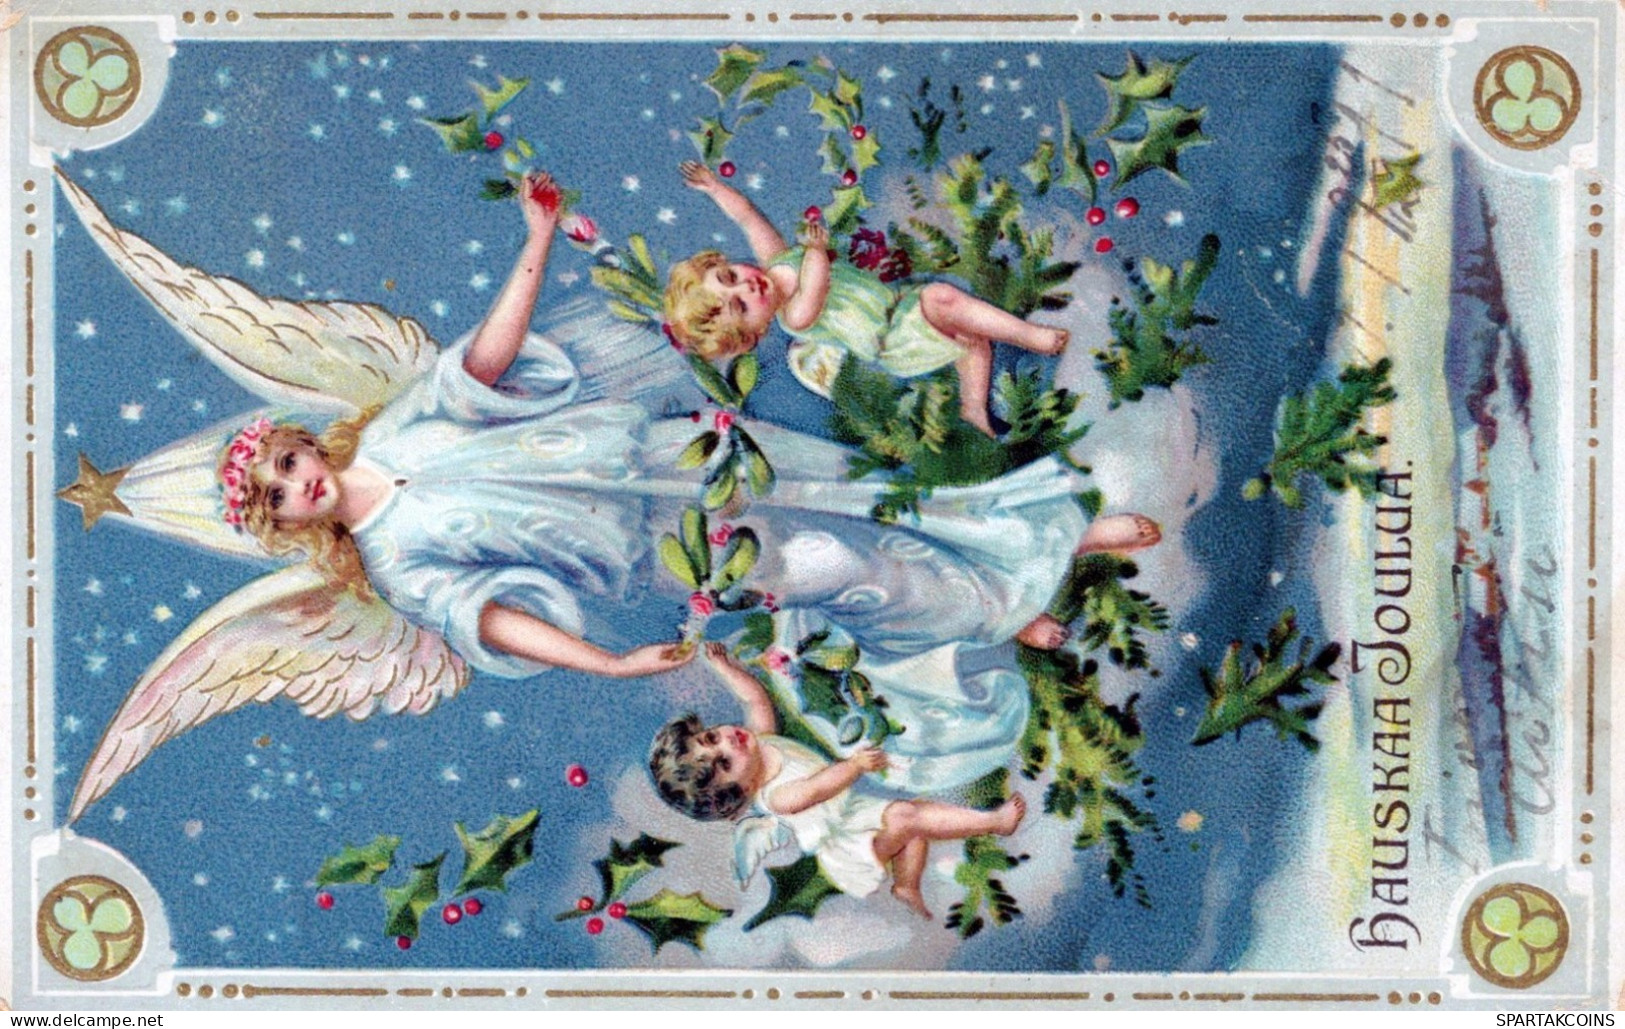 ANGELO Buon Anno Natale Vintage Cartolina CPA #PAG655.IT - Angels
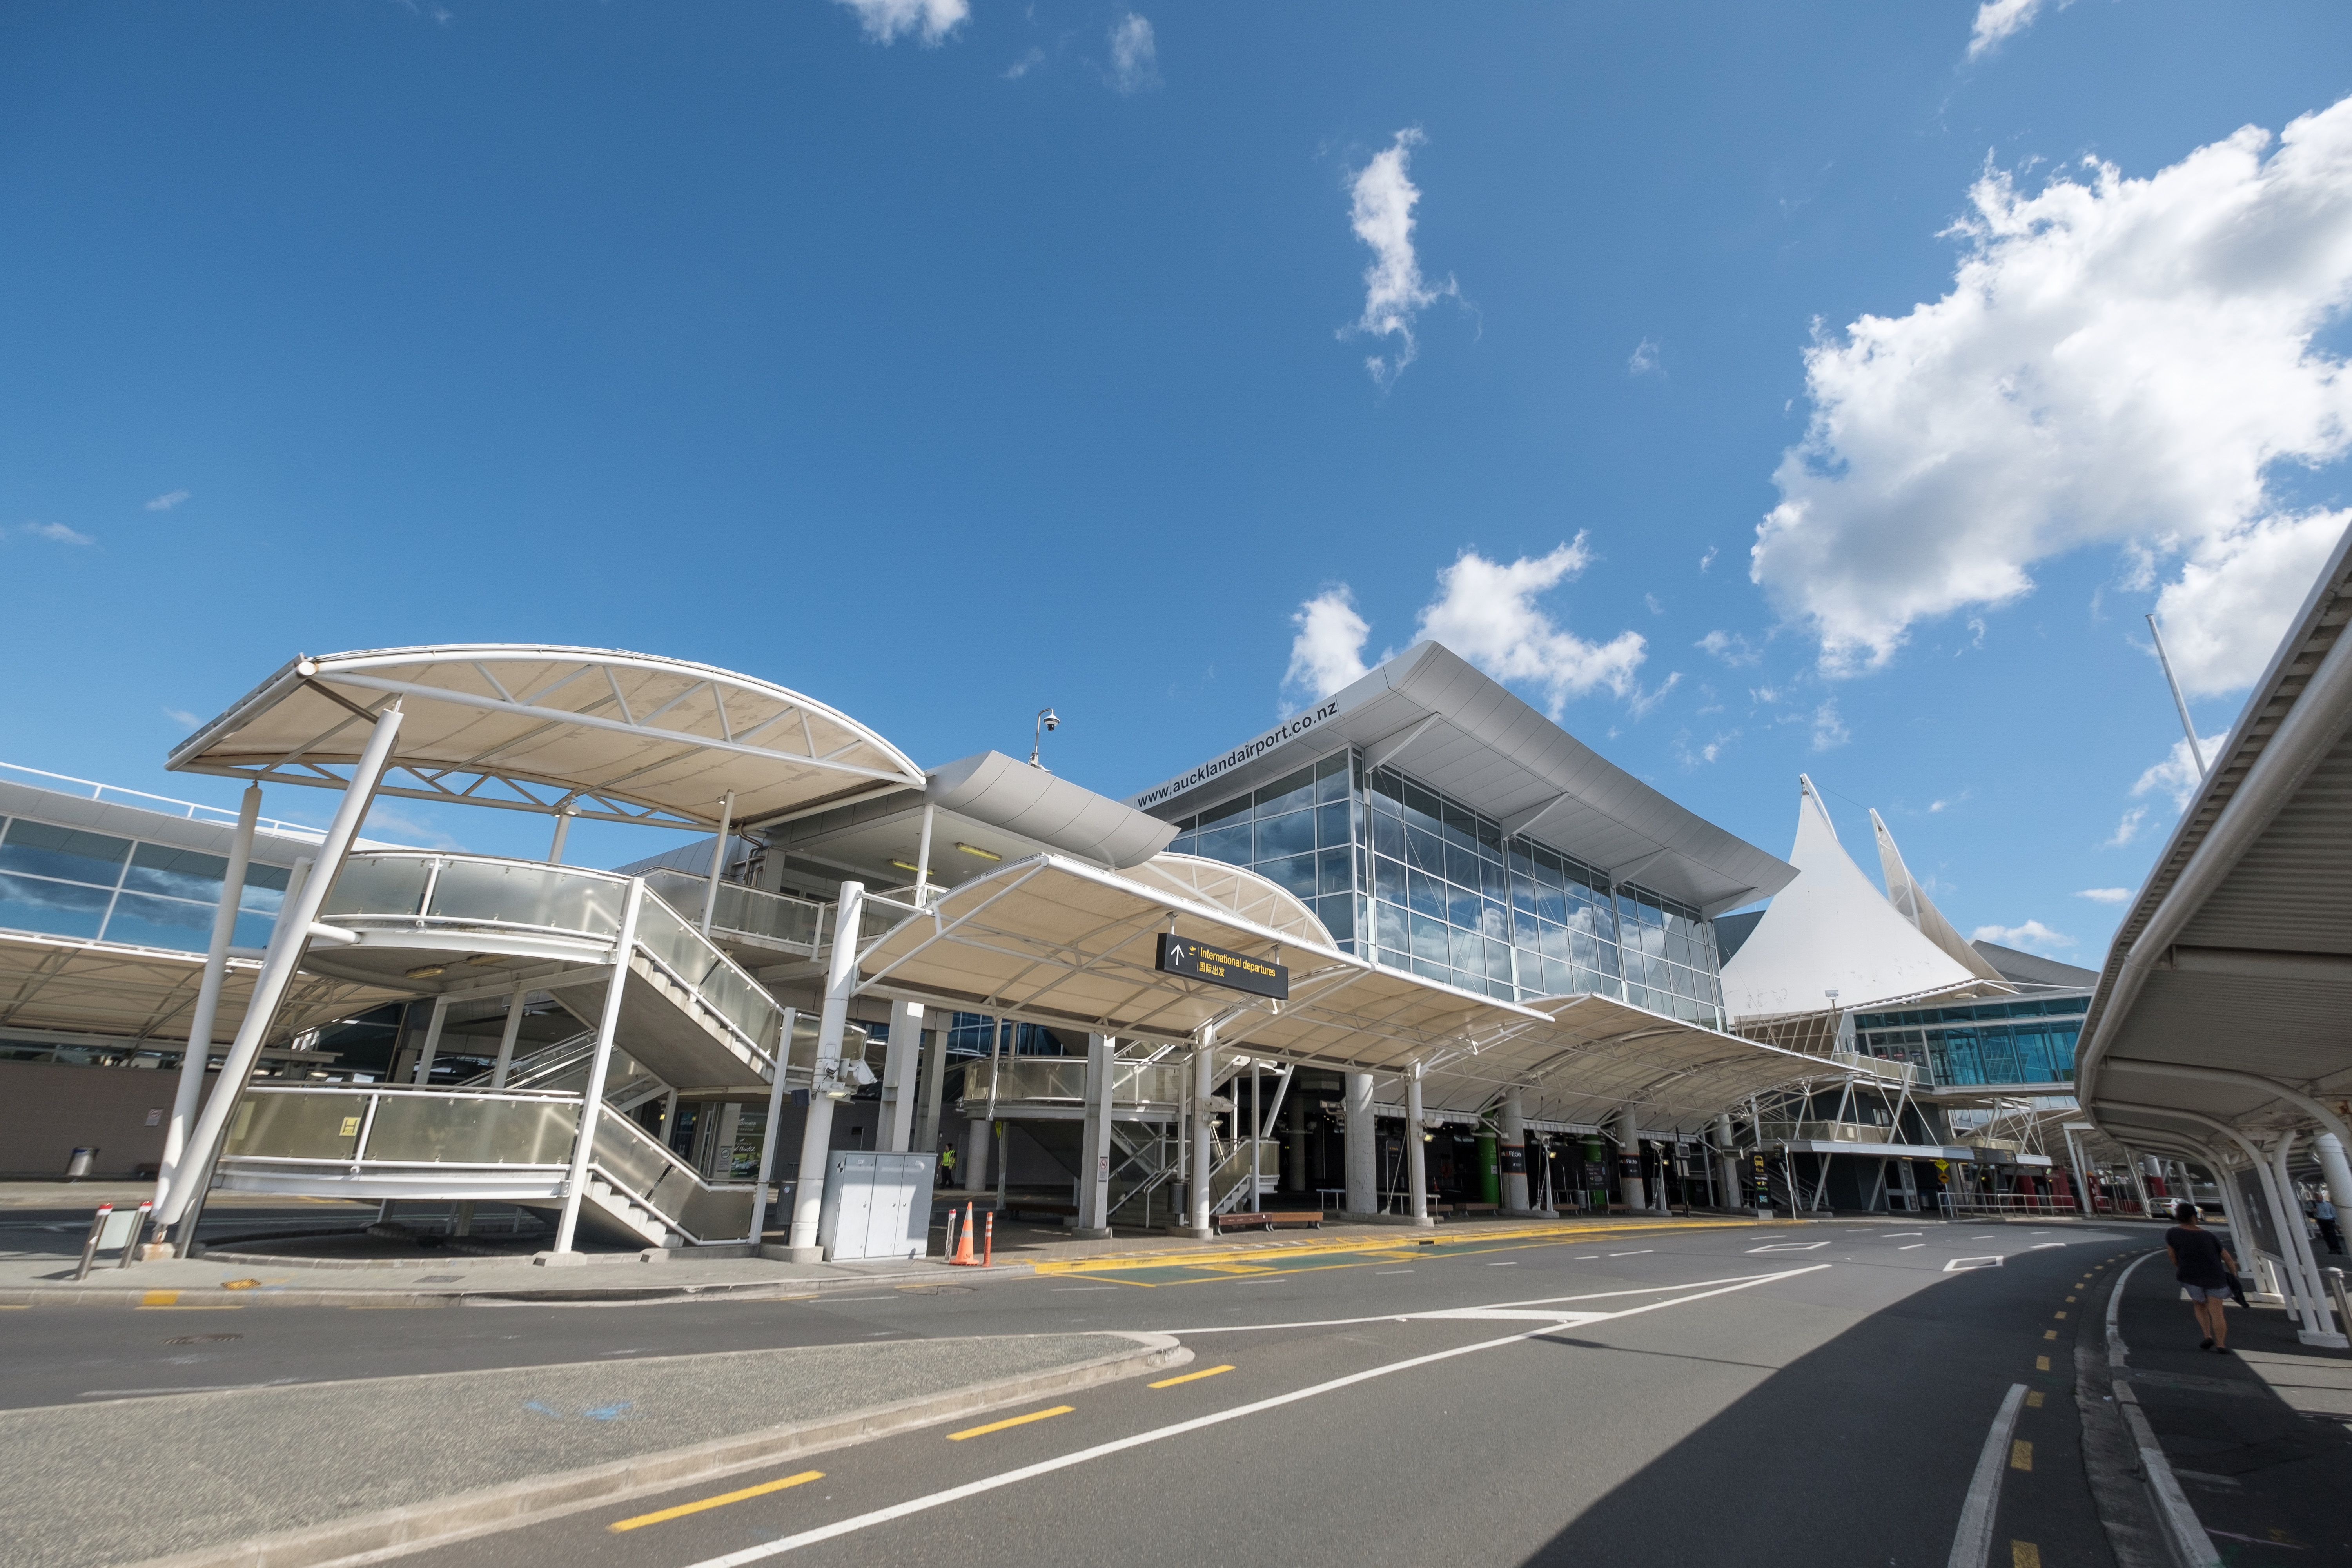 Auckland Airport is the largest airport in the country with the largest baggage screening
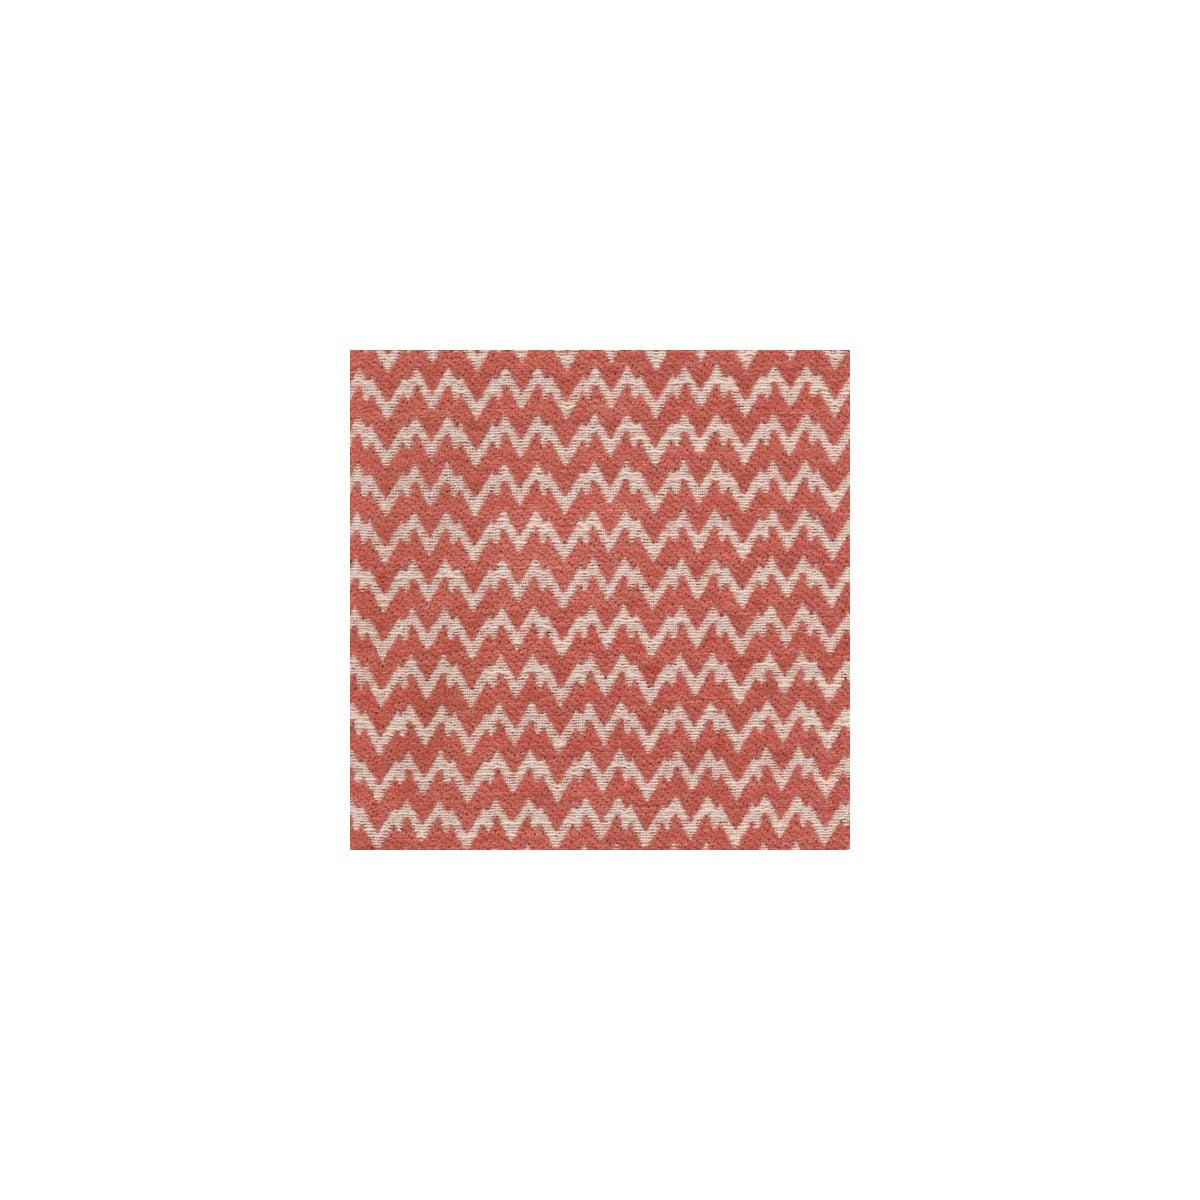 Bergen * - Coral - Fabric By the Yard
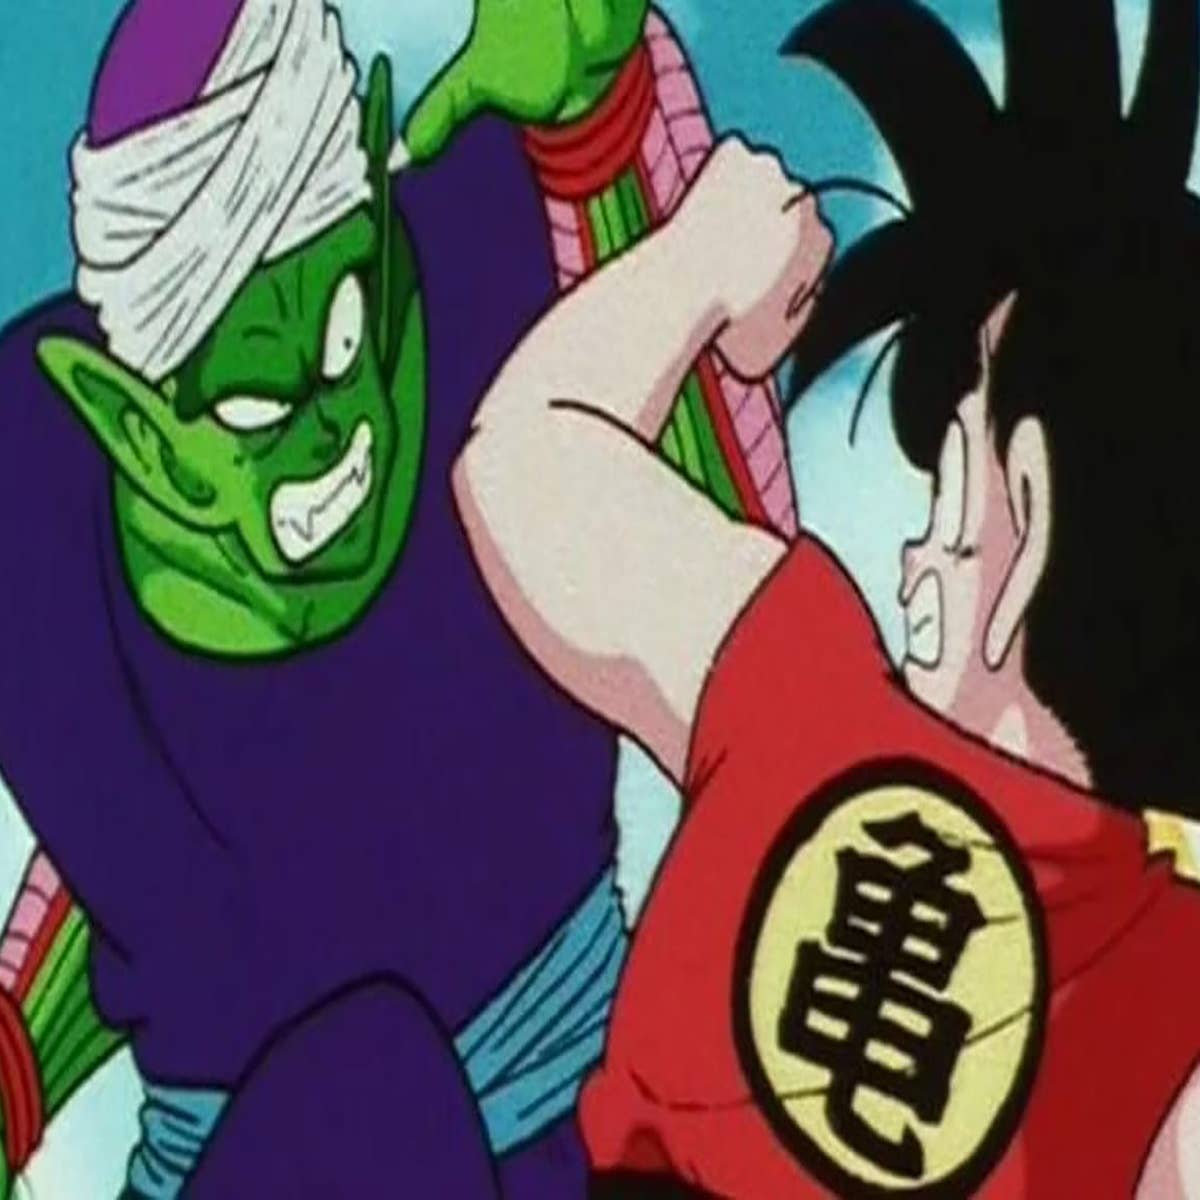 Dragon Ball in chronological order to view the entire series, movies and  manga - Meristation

########

■ Required work ■
Line by line and exactly, write out the material above. Skip the pictures.

■ Response area ■
 ANGELO Buon Anno Natale Vintage Cartolina CPA #PAG655.IT - Angels
 Auckland Airport is the largest airport in the country with the largest baggage screening
 Bergen * - Coral - Fabric By the Yard
 Dragon Ball in chronological order to view the entire series, movies and  manga - Meristation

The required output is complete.